Abstract Objectives To compare the diagnostic accuracy of preoperative 18F-FDG PET/CT and MRI tumor markers for prediction of lymph node metastases (LNM) and aggressive disease in endometrial cancer (EC). Methods Preoperative whole-body 18F-FDG PET/CT and pelvic MRI were performed in 215 consecutive patients with histologically confirmed EC. PET/CT-based tumor standardized uptake value (SUVmax and SUVmean), metabolic tumor volume (MTV), and PET-positive lymph nodes (LNs) (SUVmax > 2.5) were analyzed together with the MRI-based tumor volume (VMRI), mean apparent diffusion coefficient (ADCmean), and MRI-positive LN (maximum short-axis diameter ≥ 10 mm). Imaging parameters were explored in relation to surgicopathological stage and tumor grade. Receiver operating characteristic (ROC) curves were generated yielding optimal cutoff values for imaging parameters, and regression analyses were used to assess their diagnostic performance for prediction of LNM and progression-free survival. Results For prediction of LNM, MTV yielded the largest area under the ROC curve (AUC) (AUC = 0.80), whereas VMRI had lower AUC (AUC = 0.72) (p = 0.03). Furthermore, MTV > 27 ml yielded significantly higher specificity (74%, p < 0.001) and accuracy (75%, p < 0.001) and also higher odds ratio (12.2) for predicting LNM, compared with VMRI > 10 ml (58%, 62%, and 9.7, respectively). MTV > 27 ml also tended to yield higher sensitivity than PET-positive LN (81% vs 50%, p = 0.13). Both VMRI > 10 ml and MTV > 27 ml were significantly associated with reduced progression-free survival.
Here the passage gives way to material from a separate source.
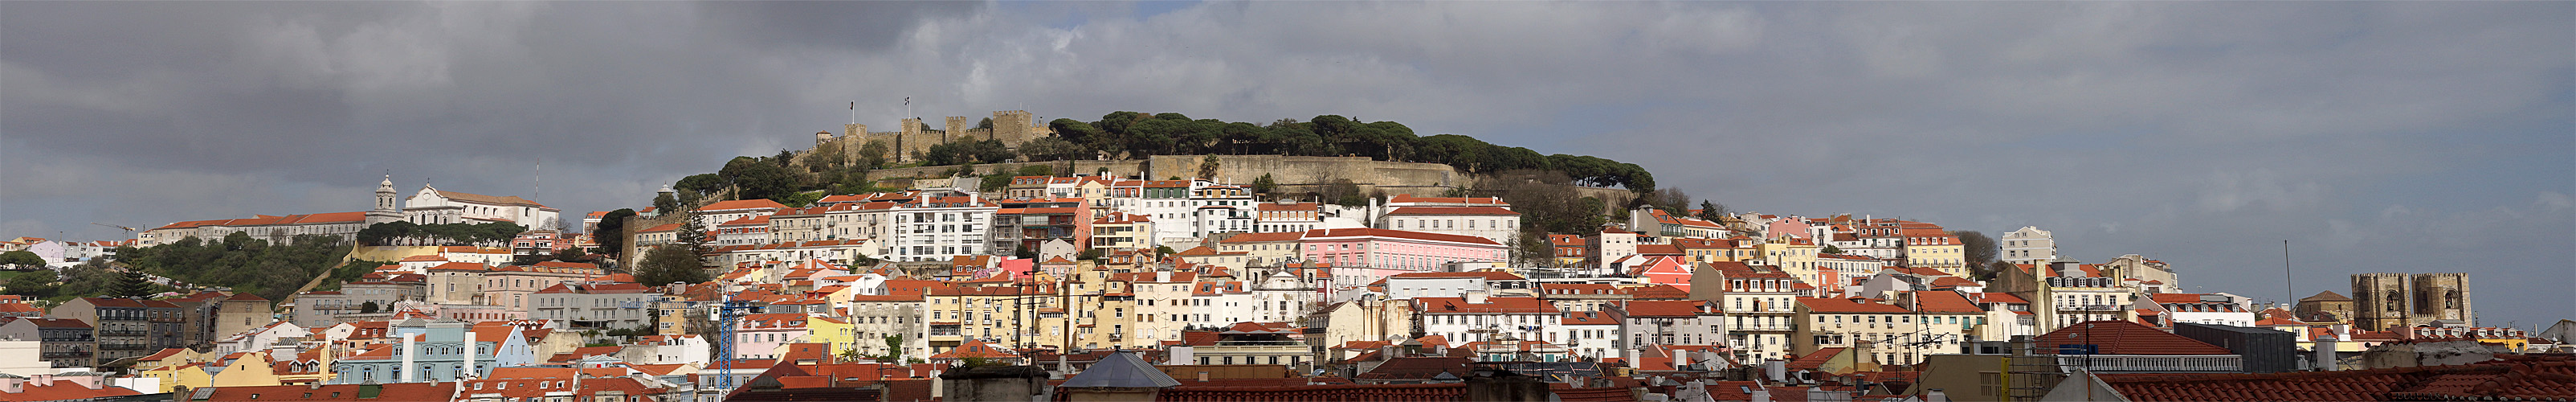 LISBONNE - photo panoramique du couvent [q]Nossa Senhora de Graça[q], du [q]Castelo de São Jorge[q] et de la cathédrale [q]Sé Patriarcal[q]

Conclusions Tumor markers from 18F-FDG PET/CT outperform MRI markers for the prediction of LNM. MTV > 27 ml yields a high diagnostic performance for predicting aggressive disease and represents a promising supplement to conventional PET/CT reading in EC. Key Points • Metabolic tumor volume (MTV) outperforms other 18F-FDG PET/CT and MRI markers for preoperative prediction of lymph node metastases (LNM) in endometrial cancer patients. • Using cutoff values for tumor volume for prediction of LNM, MTV > 27 ml yielded higher specificity and accuracy than VMRI> 10 ml. • MTV represents a promising supplement to conventional PET/CT reading for predicting aggressive disease in EC.